Открыв глаза, она прежде всего увидела стакан, пролитое вино, – святой Франциск, – сразу сказала она себе, – сколько же я выпила вина? Потом она увидела кожаный солдатский ремень, брошенный на столе, и вторая мысль была уже более страшной: нет, этого не случилось, не могло случиться. Но та же мысль, совершив оборот, ответила: случилось, это должно было случиться. С тех пор как она увидела павлина на дворе в Добраве, она знала, что это должно случиться. Тогда она неясно себе представляла, как это будет – после долгого ухаживания где-то в летней добравской траве, может, после помолвки или даже после свадьбы, обо всем этом у нее не было четкого представления, но никогда она не могла подумать, что это произойдет в военном лагере, в монастыре, и после того как она уже вырвет его из сердца и из памяти, что почти одно и то же. Это не было ни в какой связи с тем, что в последнее время вторглось в ее жизнь, с иезуитом из Индий, половодьем, в котором она чуть не утонула, с грубыми домогательствами предводителя паломников; словно ничего этого не было, и она снова у окна пальцем рисует на стекле павлина, глядя из комнаты, из замкнутого пространства, на двор, на луг, где он разъезжает верхом, и ей хочется из комнаты на простор. Ты ведь желала этого, почему ты себе не признаешься? Почему никогда не признавалась раньше? Она все время мечтала, чтобы он вошел в ее комнату, оттого это сейчас и случилось, но иначе, совсем иначе, Катарина никогда не могла подумать там, в Добраве, чтобы это случилось именно так: к ней склонилось отекшее от пьянки лицо, он саблей задрал ей подол, раздвинул ноги…

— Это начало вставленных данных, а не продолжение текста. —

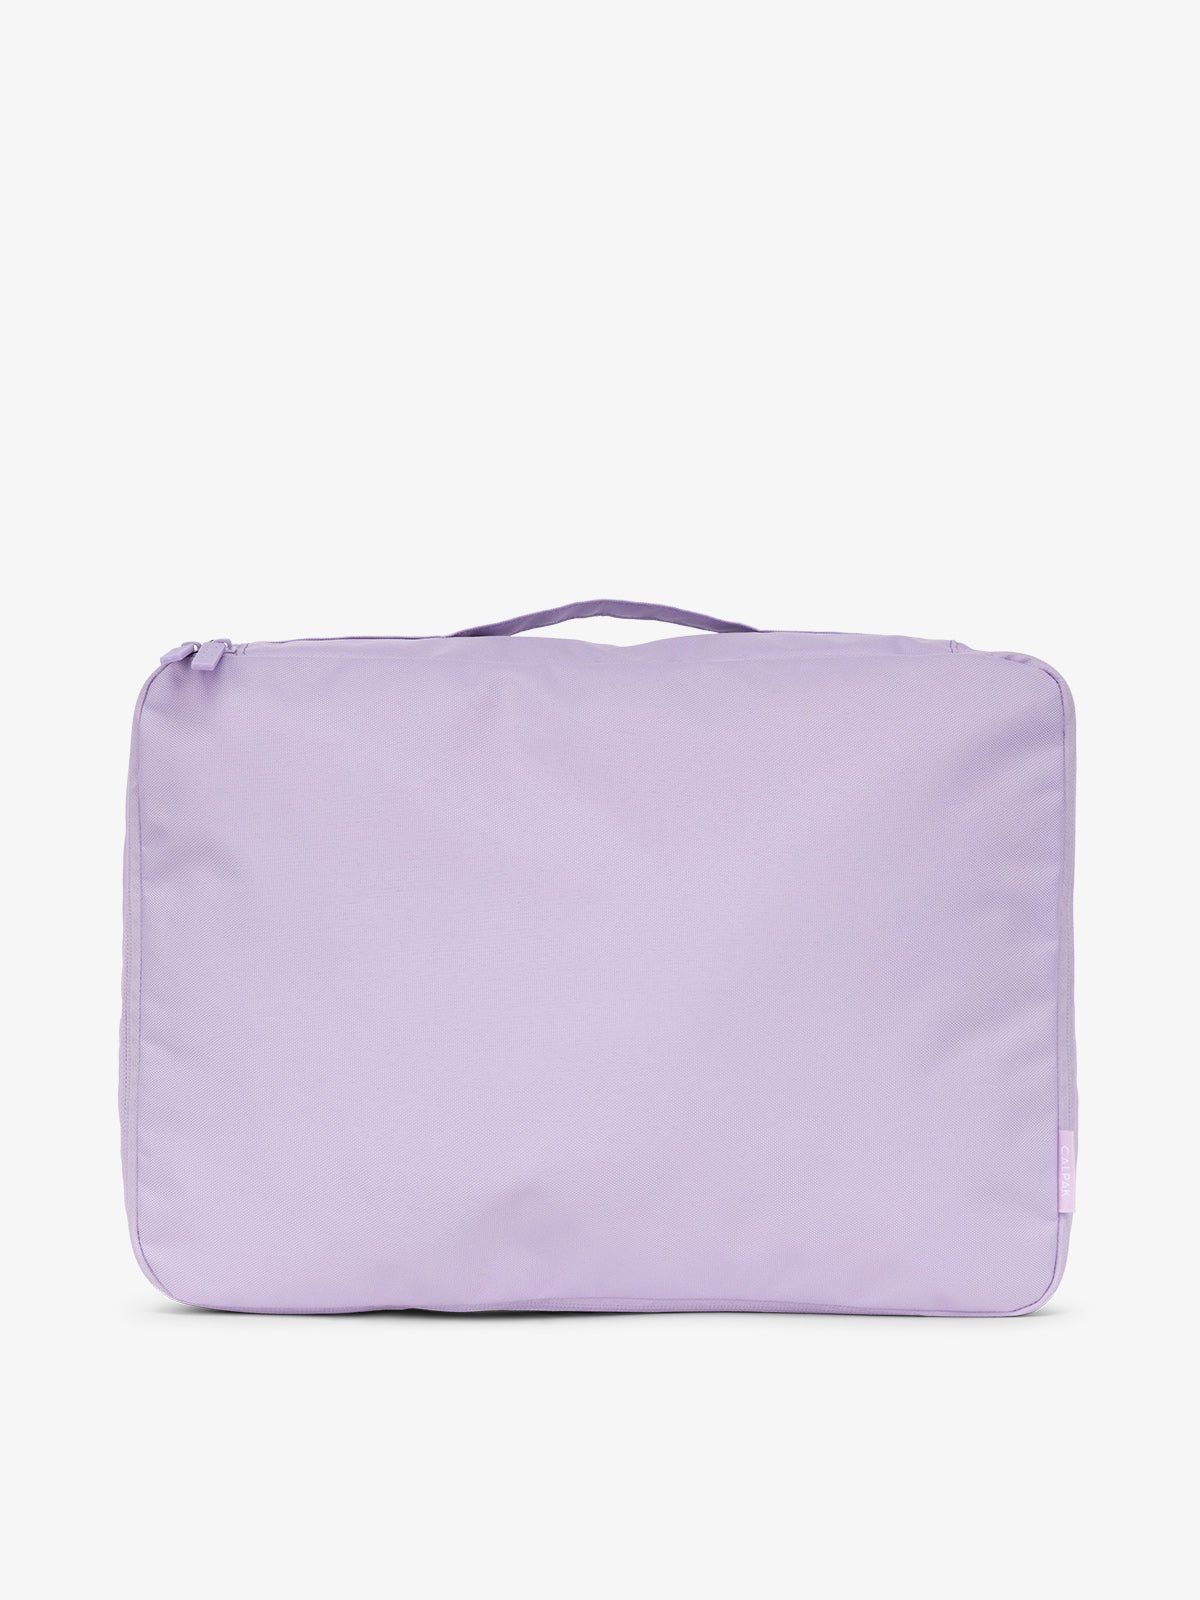 CALPAK large packing cubes with top handle in light purple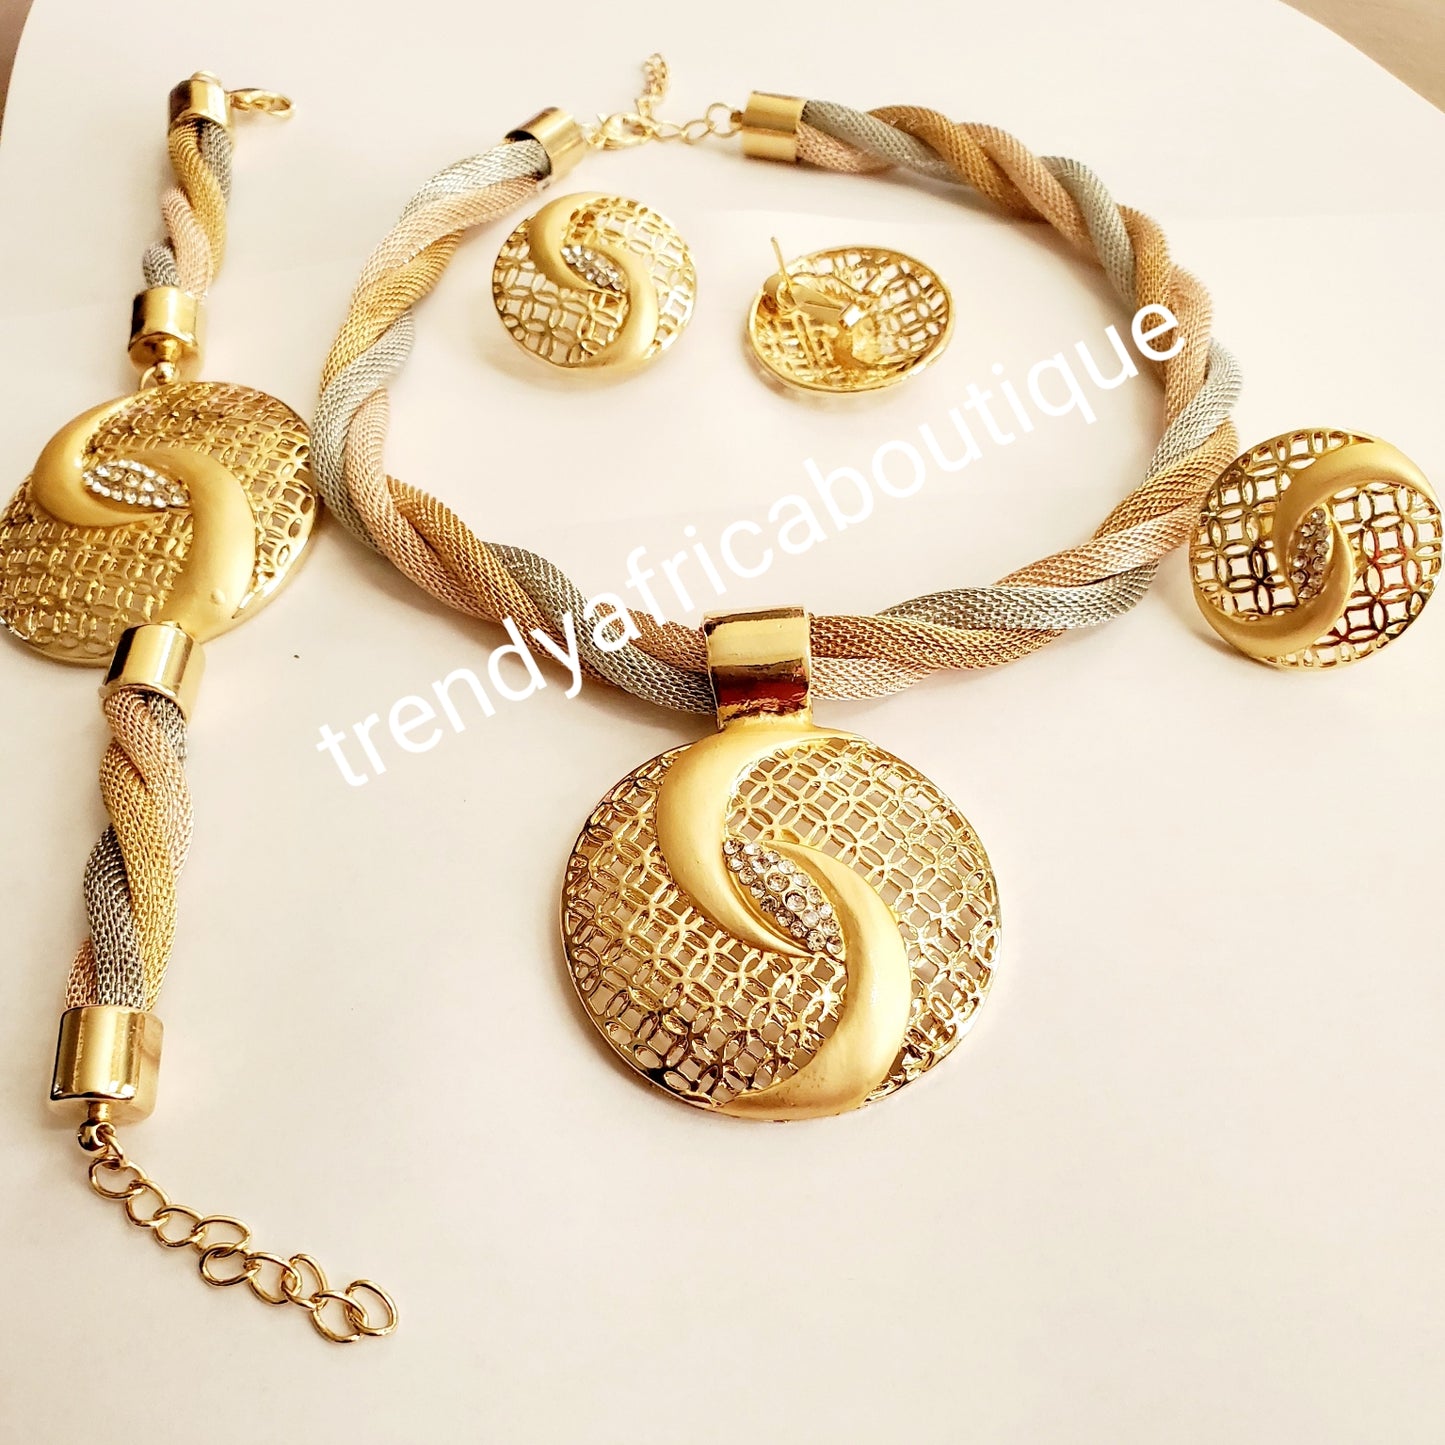 High quality 3 tone18k plated 4pc necklace  set.  beautiful hypoallergenic choker with matching earring, adjustable ring & a bracelet. Sold as set, price is for the set. Classic for casual wear.

Она порывисто поднялась и начала быстро одеваться, словно таким образом могла прогнать воспоминание об этой ночи, ей не хотелось ее вспоминать, но от этого никуда не деться, еще много раз она все припомнит, эта ночь повернула ее жизнь в какую-то другую сторону. В комнате повсюду валялись разбросанные вещи Виндиша – военные рейтузы, несколько шляп со страусовыми перьями, на столе – бинокль и свернутые в рулоны карты, на стульях – кожаные портупеи, дорожная сумка, пистолеты. Она открыла дверь и вышла в коридор, там стоял Виндиш, голый до пояса, с белым от мыльной пены лицом от шеи до глаз. Его денщик в красном мундире держал в руках полотенце и кувшин с водой.
– О, – сказал Виндиш сквозь темную щель в белой мыльной маске, – мы встали?
Катарина смотрела на здание через двор, где были сводчатые коридоры, там она тоже уже спала – прошлую ночь и еще ночь перед тем. Куда ей идти? Где спрятаться? Может, земля разверзнется под ее ногами?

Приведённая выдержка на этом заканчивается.